During the initial days, the Delhi smog was well-covered by the media across the country. However, with the passing of days, the alarm over 'poor air quality' in the national capital has reduced because of its regularity, like many other grave issues plaguing the country.

According to reports, Delhi's air quality remained "very poor" for the third straight day on Tuesday. The authorities warned that the situation may "worsen" in the coming days. The air quality index (AQI), as maintained by the Central Pollution Control Board (CPCB), was 326 on a scale of 500.

Since reports indicate more bad days ahead for the national capital, what does this mean for the people of Delhi and the nation as a whole?

Some experts smell a political crisis in the Delhi pollution.

"...That is why the crisis expressed by choking air quality cannot be considered an environmental one. It is a political crisis--in a fundamental, not in an electoral, sense. If democratic politics is about empowering the citizen, it has failed in Delhi.

"Citizens of the city have reached a state of disempowered existence and numbness through a series of silently suffered traumas. These traumas cannot be treated now, but acknowledging them might have some healing effect," writes Krishna Kumar, former director of NCERT and a Hindi writer, in a column published by The Indian Express.
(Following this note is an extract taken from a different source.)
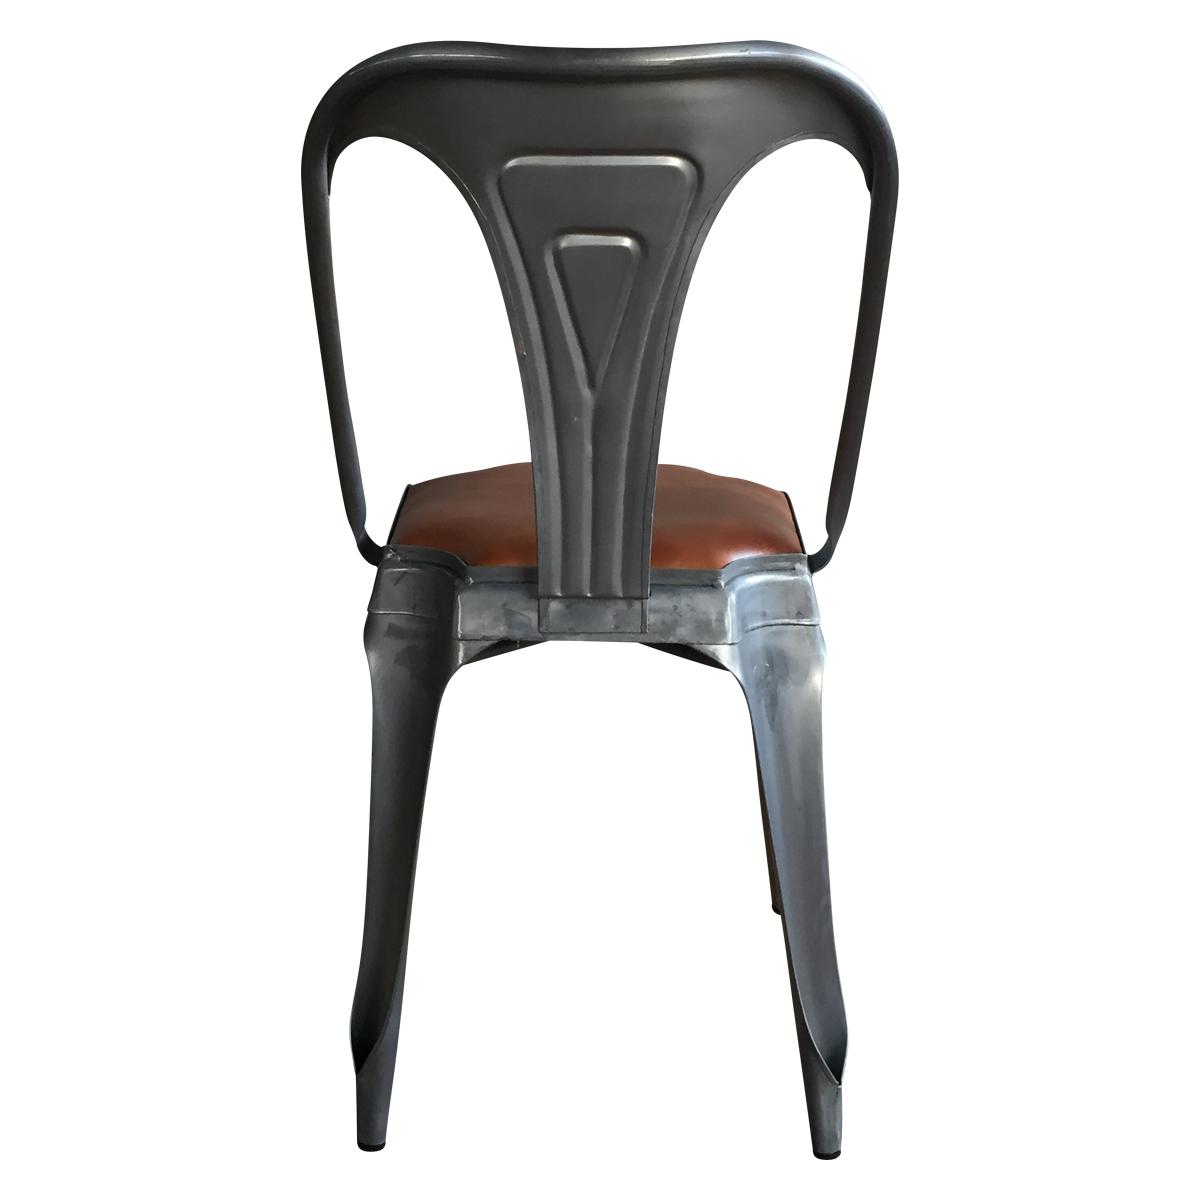 chaise style vintage industriel en m tal et cuir demeure et jardin. Black Bedroom Furniture Sets. Home Design Ideas

The writer suggests reinvention of Delhi like many others in the recent few days.

"We are now at a point where the city has to be reinvented. There is no point protesting, and there is no place, literally, to stage a protest. (Jantar Mantar, where space to protest was allotted some years ago has been restored to its original sanctity.)

"Making a city out of Delhi once again would mean identifying people who care about its future and who don't mind carrying on with certain duties of despair. One of them is to initiate the infusion of sustainable public anxiety," Krishna adds.

In the column for the English daily, the former director of NCERT stated that the entire process will "require mobilisation of institutions of various kinds, including those involved in education, law, and health".

"We can rest assured that e-mobilisation will not work. Second, the people who agree to work for Delhi's rebirth and recovery as a city will need to avoid arousing the hope of any impending solution to the problem of air pollution.

"Rather, they will have to encourage people to show adequate stamina for bearing the consequences of past neglect and misfortunes. Rebirth of a city is no simple matter. It will take time, and the harvest of its rebirth cannot be collected with a rented combiner," he adds.